Aktueller Impfstatus bei Kindern: Impfquoten ausbaufähig
Aktueller Impfstatus bei Kindern: Impfquoten ausbaufähig

Ärzte: Das Zünglein an der Waage?

Für einige Impfungen waren starke regionale Unterschiede zu beobachten. Das kann problematisch sein: Auch auf kleinräumige Regionen begrenzte, niedrige Impfquoten gehen mit einem verminderten Gemeinschaftsschutz einher und können zu größeren Ausbruchsgeschehen beitragen. Doch wie könnten diese regionale Impflücken geschlossen werden? Dies bedarf laut RKI weiterer Analysen, die gegebenenfalls nur lokal zu adressieren sind. Eine entscheidende Rolle bei der Impfentscheidung und den lokalen Impfquoten dürfte die Einstellung zu Impfungen sowie die Impfempfehlungen der Ärzte selbst sein.1

Erfreulich ist aus Sicht des RKI die kontinuierlich steigende Inanspruchnahme kürzlich eingeführter Impfungen, die ein Indikator für die zunehmende Akzeptanz der empfohlenen Impfungen in der deutschen Bevölkerung ist.1

Unser Fazit für Sie
Für die meisten der etablierten Impfungen sind die Impfquoten zum Zeitpunkt der Einschulungsuntersuchungen auf einem guten Niveau. Allerdings wurden bei allen untersuchten Standardimpfungen die empfohlenen Alterszeitpunkte nicht eingehalten und Impfserien nicht vervollständigt. Einige Kinder und Jugendliche erhalten manche Impfungen gar nicht. Für einzelne Impfungen wurden starke regionale Unterschiede beobachtet, die einer näheren Analyse bedürfen.

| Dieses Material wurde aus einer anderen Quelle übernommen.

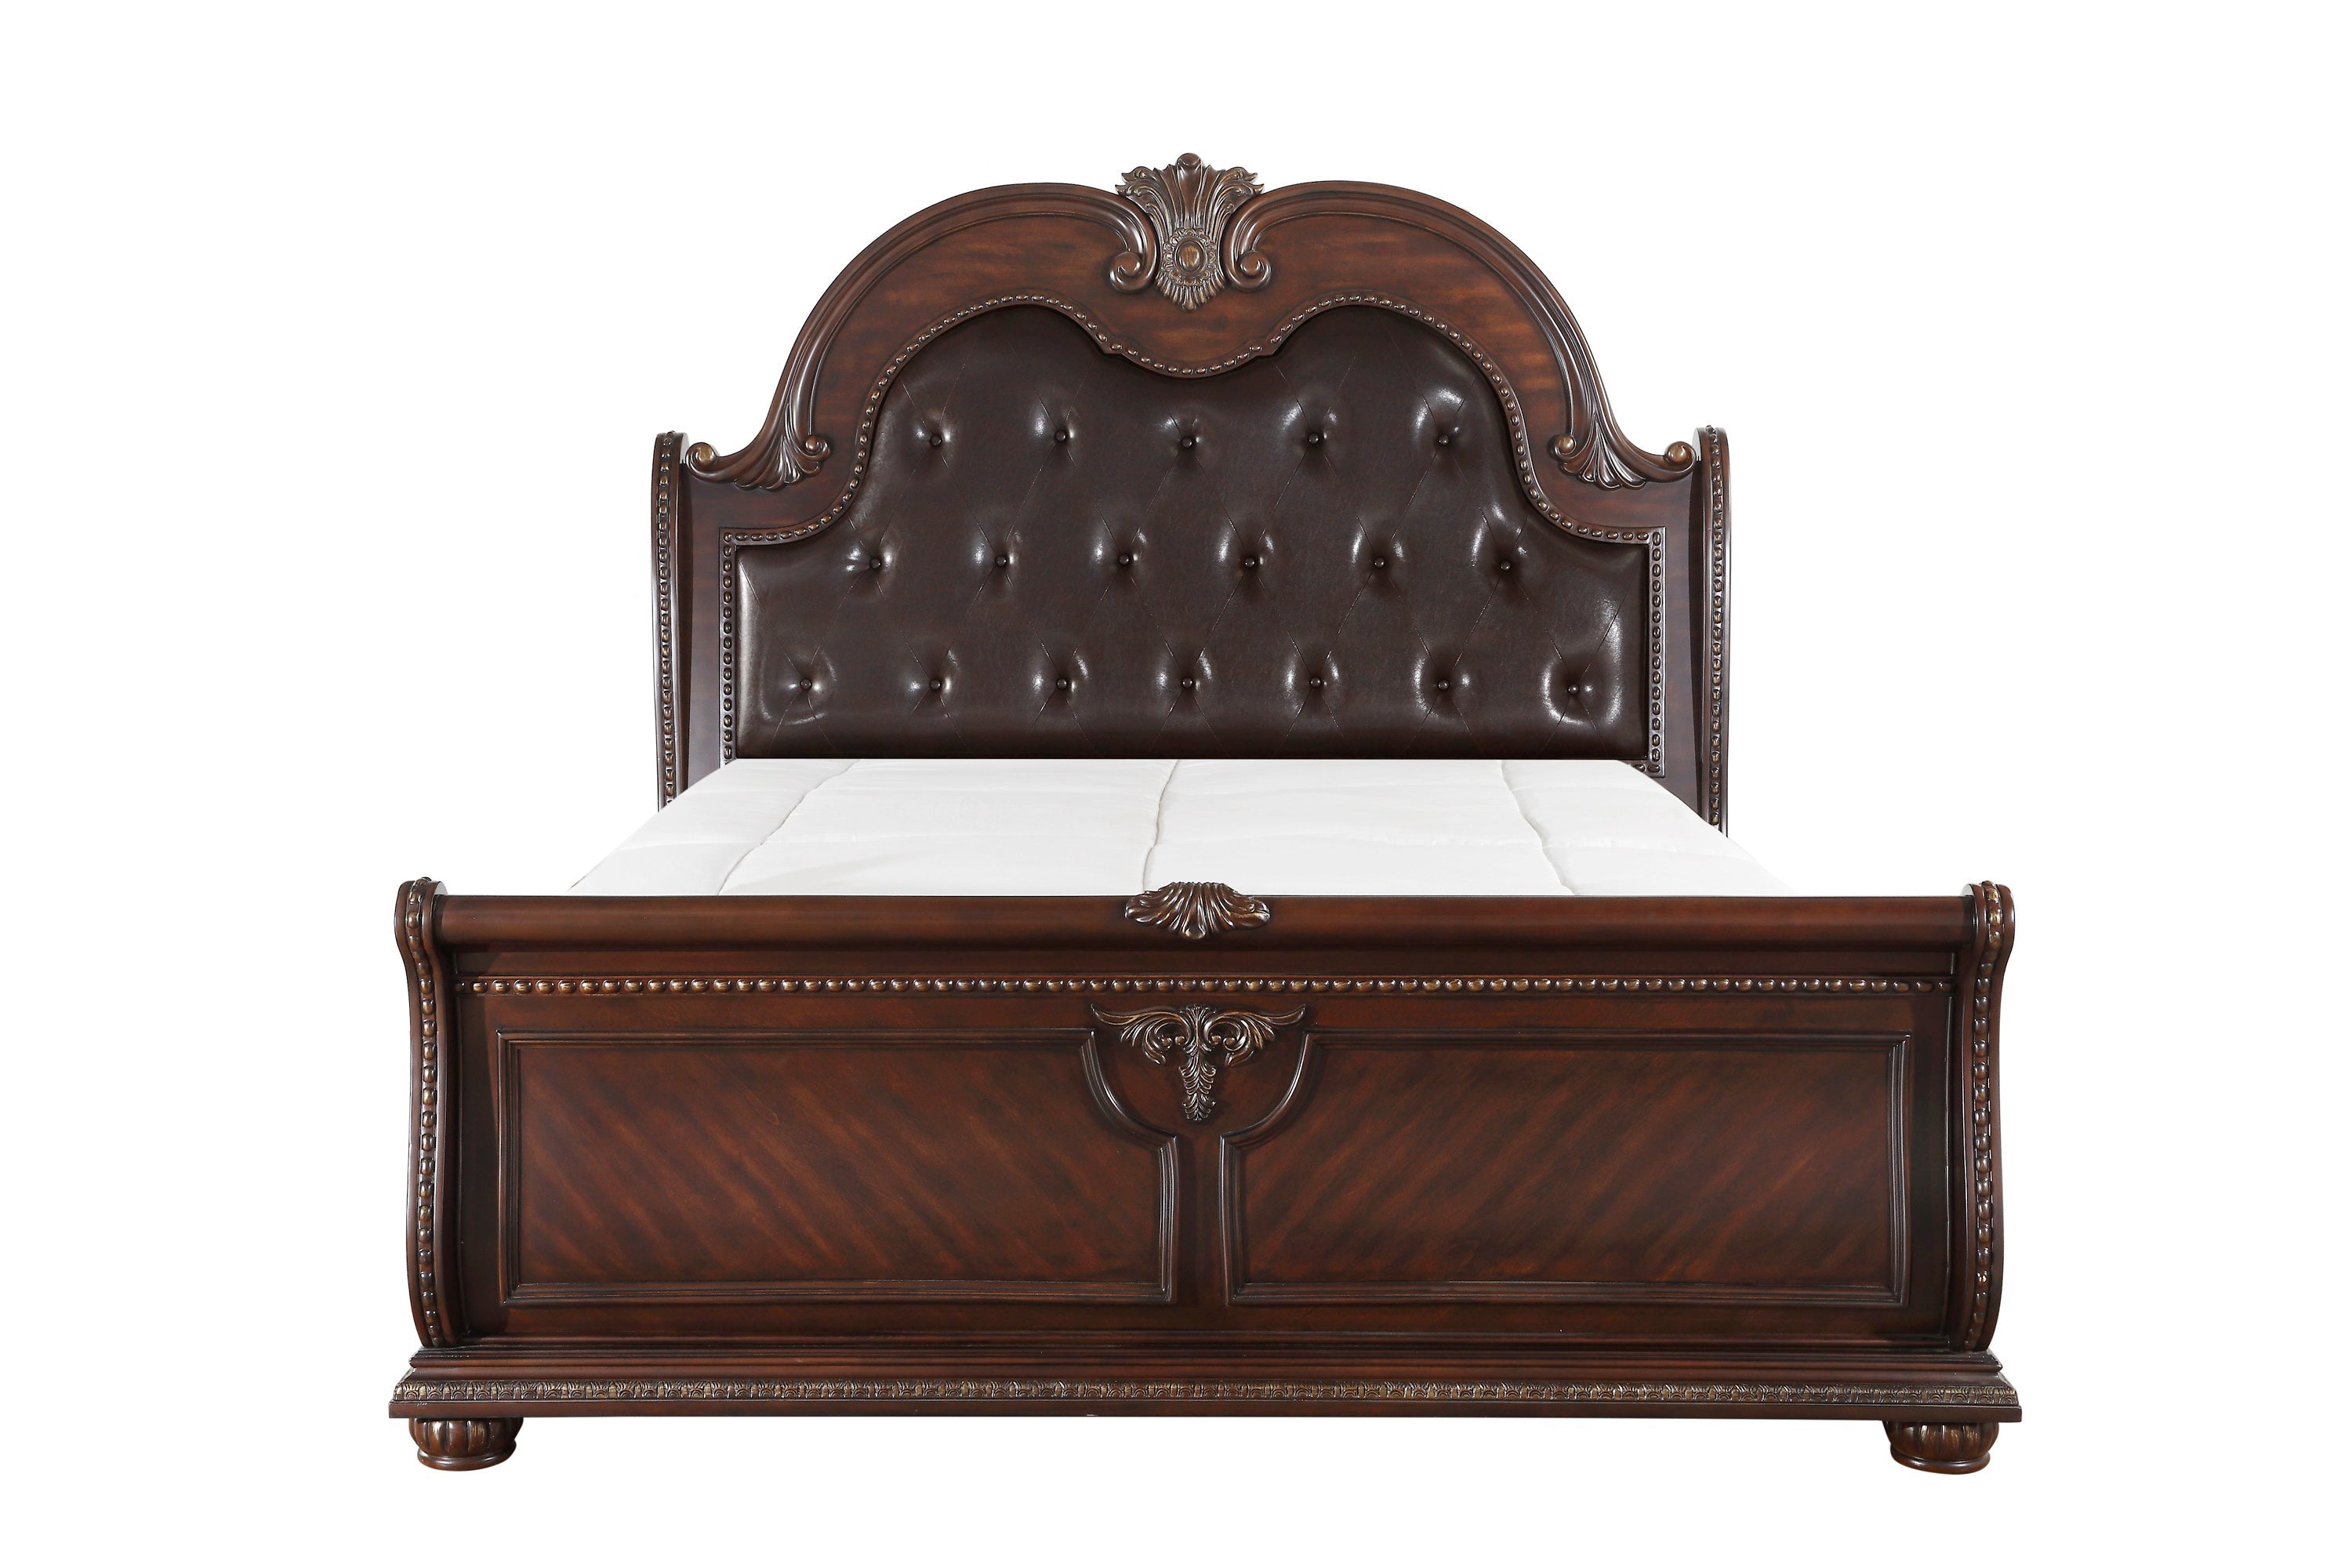 Cavalier Dark Cherry Upholstered Sleigh Bedroom Set - SET | 1757-1 | 1757-2 | 1757-3 | 1757-1P | 1757-4 | 1757-9 - Bien Home Furniture &amp; Electronics

* mit Ausnahme der Bundesländer Brandenburg und Mecklenburg-Vorpommern.1
** Der Hochrechnung liegt die Annahme zu Grunde, dass alle Kinder, die weniger als zweimal gegen Masern geimpft wurden, noch nicht an Masern erkrankt waren.1

Quellen

  1. Robert Koch-Institut (RKI). Impfstatus der Kinder und Jugendlichen in Deutschland. Epid Bull 2020;32/33:3-27.
  2. Robert Koch-Institut (RKI). Empfehlungen der Ständigen Impfkommission (STIKO) beim Robert Koch-Institut – 2018/2019. Epid Bull 2018;34:335-382.